Субра всегда смеется в нужном месте.

«Итак, я была рада выручить красивого, слегка женоподобного мужчину с израненной душой, и к тому же буддиста. Наш брак был чист и эфемерен, как бабочка: мы прожили вместе год, очень ценя общество друг друга, но не занимаясь любовью — Ким был геем. Он замечательно управлялся с моим сыном Туссеном, и до развода “по обоюдному согласию” я успела сделать тысячи его фотографий, а он рассказал мне тысячи историй…»

Вернувшись к чтению «Ада», Рена попадает на странное место:

Per l’argine sinistra volta dienno;

ma prima avea ciascun la lingua stretta

coi denti, verso lor duca, per cenno;

ed elli avea del cul fatto troubetta.

He веря своим глазам, взглянула на перевод и убедилась, что не ошиблась:

Тут бесы двинулись на левый вал,

Но каждый, в тайный знак, главе отряда

Сперва язык сквозь зубы показал,

И тот трубу изобразил из зада[61].

Семисотлетняя непристойность ужасно ее рассмешила, и в этот момент в дверь неожиданно постучали. Она вздрогнула, как будто прилюдно пукнула.

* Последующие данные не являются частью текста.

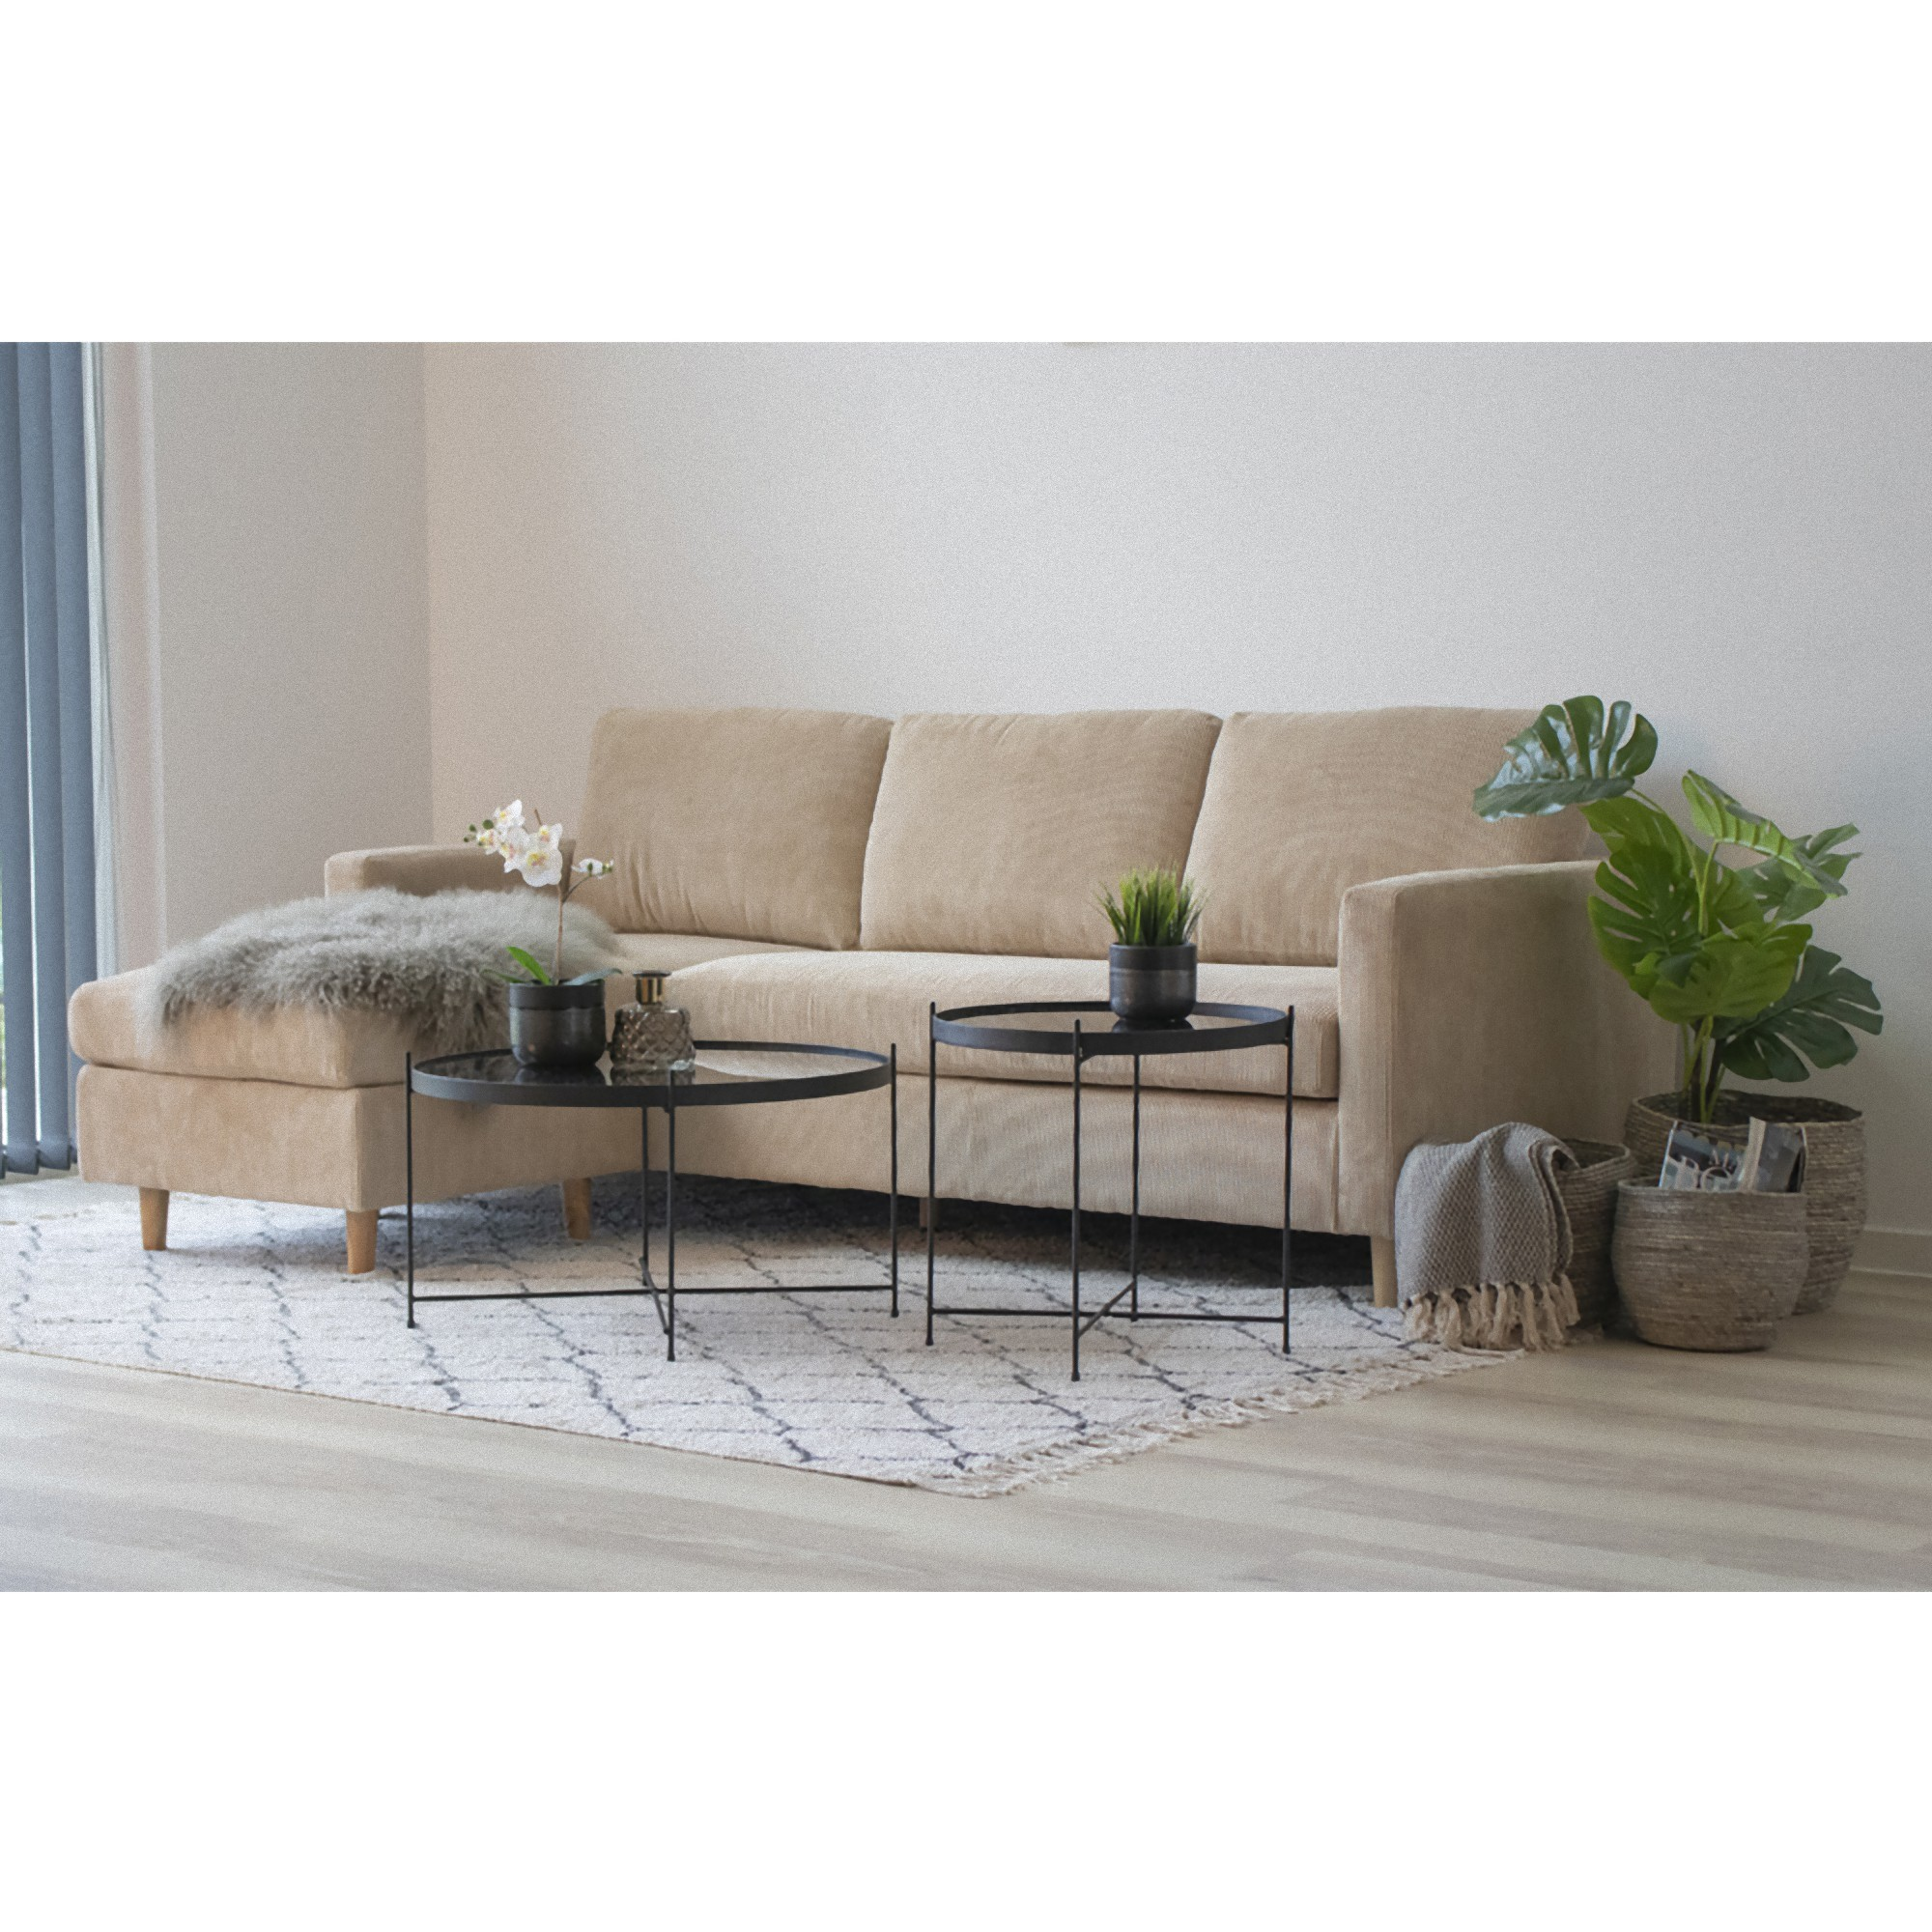 Full Size of Couch Garnitur Leder Sofa Garnituren 3 2 3 2 1 Rundecke 2 Teilig Mars Sandfarben Polstersofa Stoffrosa Lounge Günstiges Xora Antik Xxxl Tom Tailor Xxl Grau Sofa Sofa Garnitur

Выспавшиеся Симон и Ингрид решили осмотреть ее номер. Сказано — сделано, правда, смотреть особо не на что, но… Симон выражает сожаление по поводу отсутствия балкона. Он выходит в коридор и, увидев дверь с международным запрещающим символом — красным кругом, перечеркнутым белой чертой, — немедленно ее открывает. Рена с трудом сдерживает раздражение.

Это сильнее него, — говорит Субра, — он не мог удержаться.

«Знаю, — вздыхает Рена. — Симон уже в юности, по примеру Леонарда Коэна, взбунтовался против своего доброго папочки Баруха и презрел все запреты среды, в которой родился. “Евреи, малышка Рена, — сказал он мне однажды, — прирожденные переговорщики. Их любимое занятие — торговаться со Всевышним. Послушай, Яхве, ты не хочешь, чтобы мы делали вот это? Понимаю. И все же… Ты пощадишь Содом, если в городе найдется пятьдесят праведников? А если тридцать? Что скажешь? Ну а если один? Или так: Ты не хочешь, чтобы мы зажигали и гасили свет в шабат? Ладно, но в современных городах совсем не весело топать пешком на одиннадцатый этаж, так что давай договоримся полюбовно: рядом с лифтом для гоев поставим другой, для евреев, который будет останавливаться на всех этажах без нажатия на кнопку. Идет? О сговоре никто не узнает. Пока… Или: Ты заповедал не переносить вещи из одного дома в другой в шабат, но в этом гойском мире суббота — самый удобный день для переездов. Так давай устроим эрув[62] вокруг квартала, незаметно прикрепим к деревьям и кустам тончайшую пластиковую или металлическую нить, тогда можно будет говорить, что квартал — это единый дом, и перемещать из одной комнаты в другую все что угодно. Как тебе идея? Договорились? Каждый переходит грань там, где ему это удобно, малышка Рена. Мой уговор с Богом таков: я говорю, что не верю в Него, Он отвечает, что это не страшно. Я волен изучать синапсы мозга, не боясь оскорбить Его чувства”.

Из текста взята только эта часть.